FIG. 2 is a conceptual diagram of a method for measuring the diameter of a single crystal.

FIG. 3 is a schematic plan view showing a positional relationship between a photometric line of a line sensor and a crystal center.

FIG. 4 is a graph showing a change over time of position data at both-side intersections.

FIG. 5 is a graph showing a change with time of an intersection interval.

[Explanation of symbols]

 Reference Signs List 1 furnace body 3 melt 4 single crystal 8 one-dimensional CCD camera A fusion ring B photometric line C intersection of fusion ring and photometric line O crystal center

──────────────────────────────────────────────────続 き Continued on the front page (58) Field surveyed (Int.

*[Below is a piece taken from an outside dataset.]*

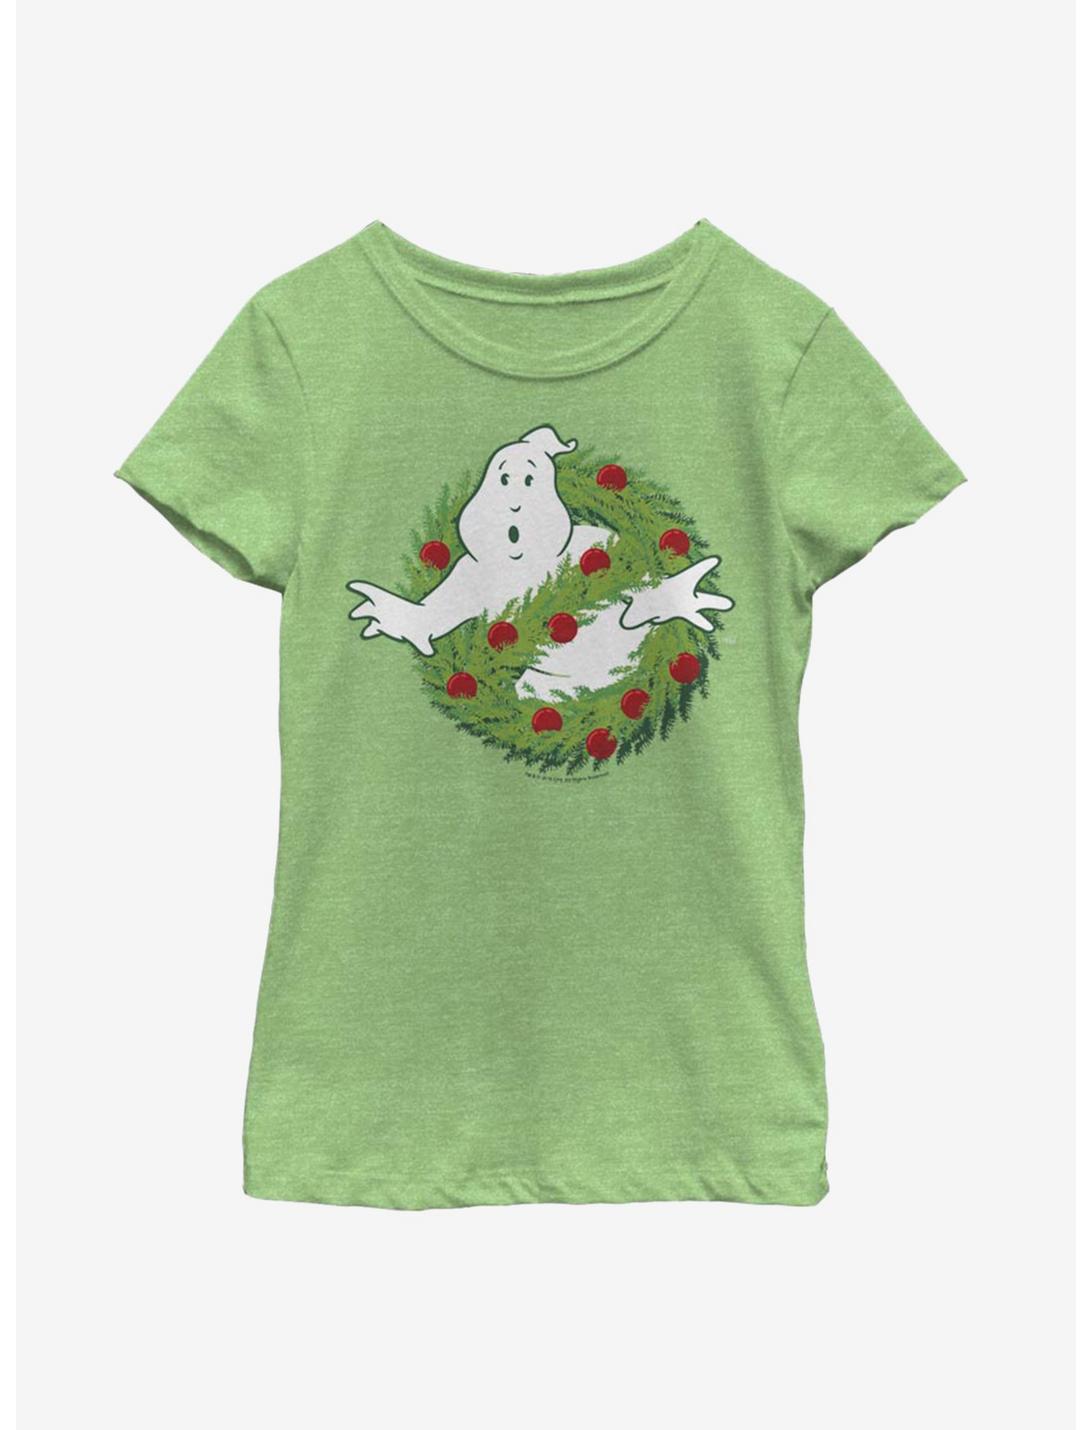 Ghostbusters Holiday Logo Youth Girls T-Shirt, , hi-res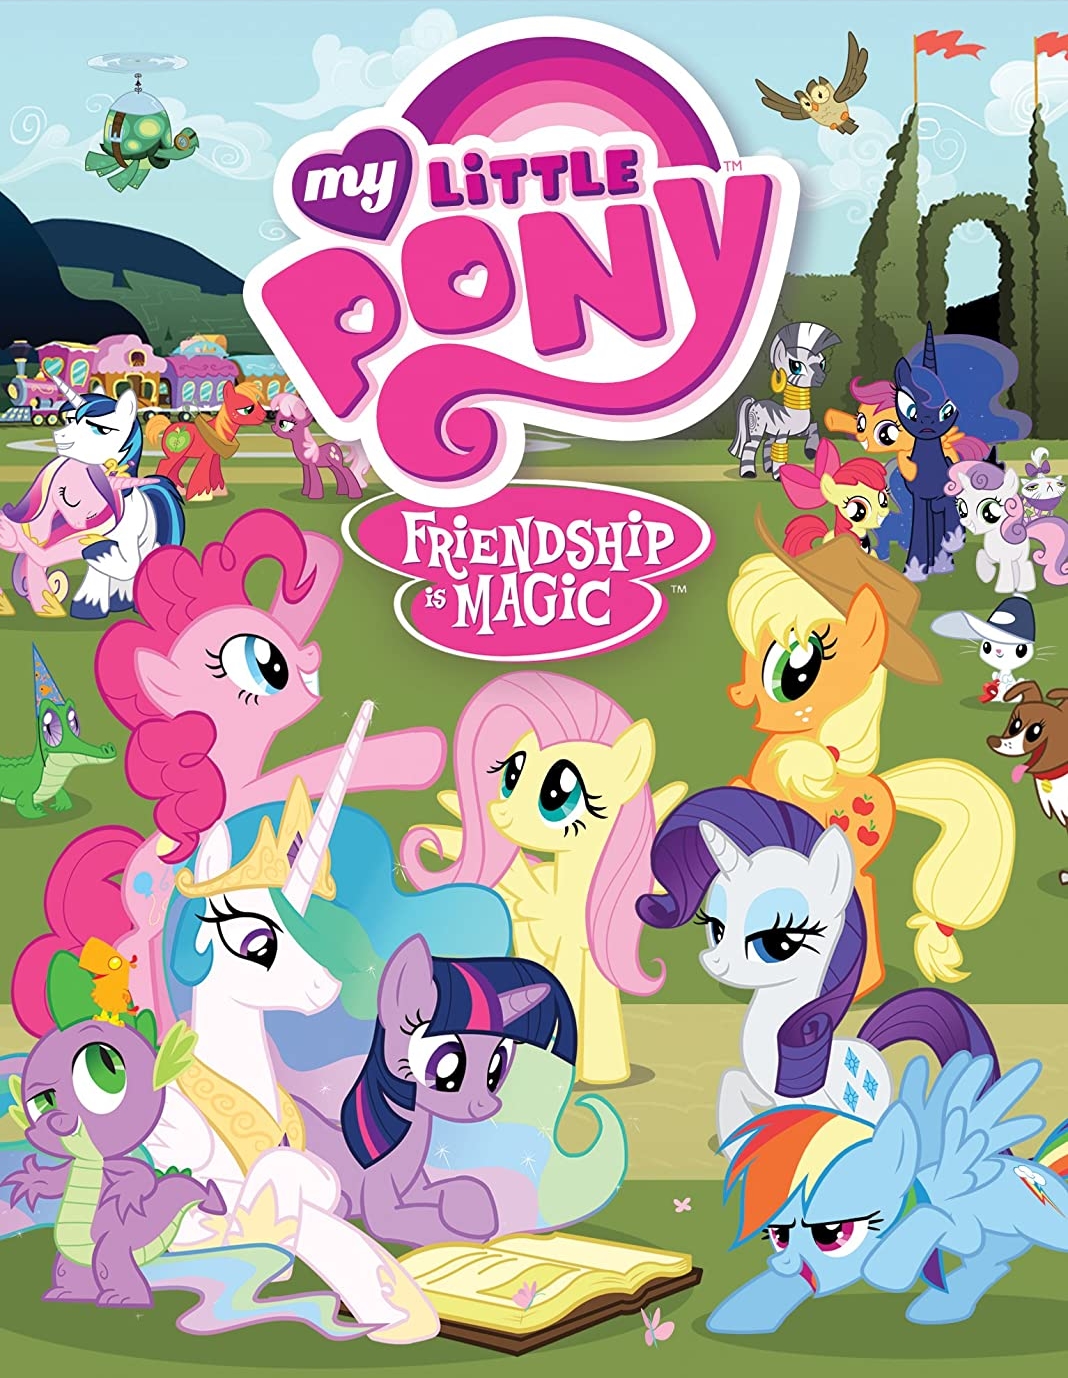 https://static.wikia.nocookie.net/iepfanon/images/7/71/My_Little_Pony_Friendship_Is_Magic_poster.jpg/revision/latest?cb=20220817025221

Cl. ⁶ , DB name) C30B 15/20-15/28 C30B 28/00-35/00

Claims (2)

(57) [Claims] In the pulling of a single crystal by a CZ method, which pulls a single crystal from a crystal melt while rotating the single crystal in a circumferential direction,
When measuring the position of the interface between the single crystal and the melt using a camera installed diagonally above, and detecting the intersection point on both sides from the luminance change at the intersection of the fusion ring around the single crystal and the photometry line of the camera , Independently detect the intersection positions on both sides, and from both the detected data, find the timing difference of the intersection position change on both sides due to the habit line intermittently generated with the rotation of the single crystal, remove the timing difference, And measuring the diameter of the single crystal by comparing the detection data of the above and the distance between the intersections on both sides. 2. The crystal diameter measuring method according to claim 1, wherein a distance from a crystal center to a photometric line of a camera is corrected using the timing difference.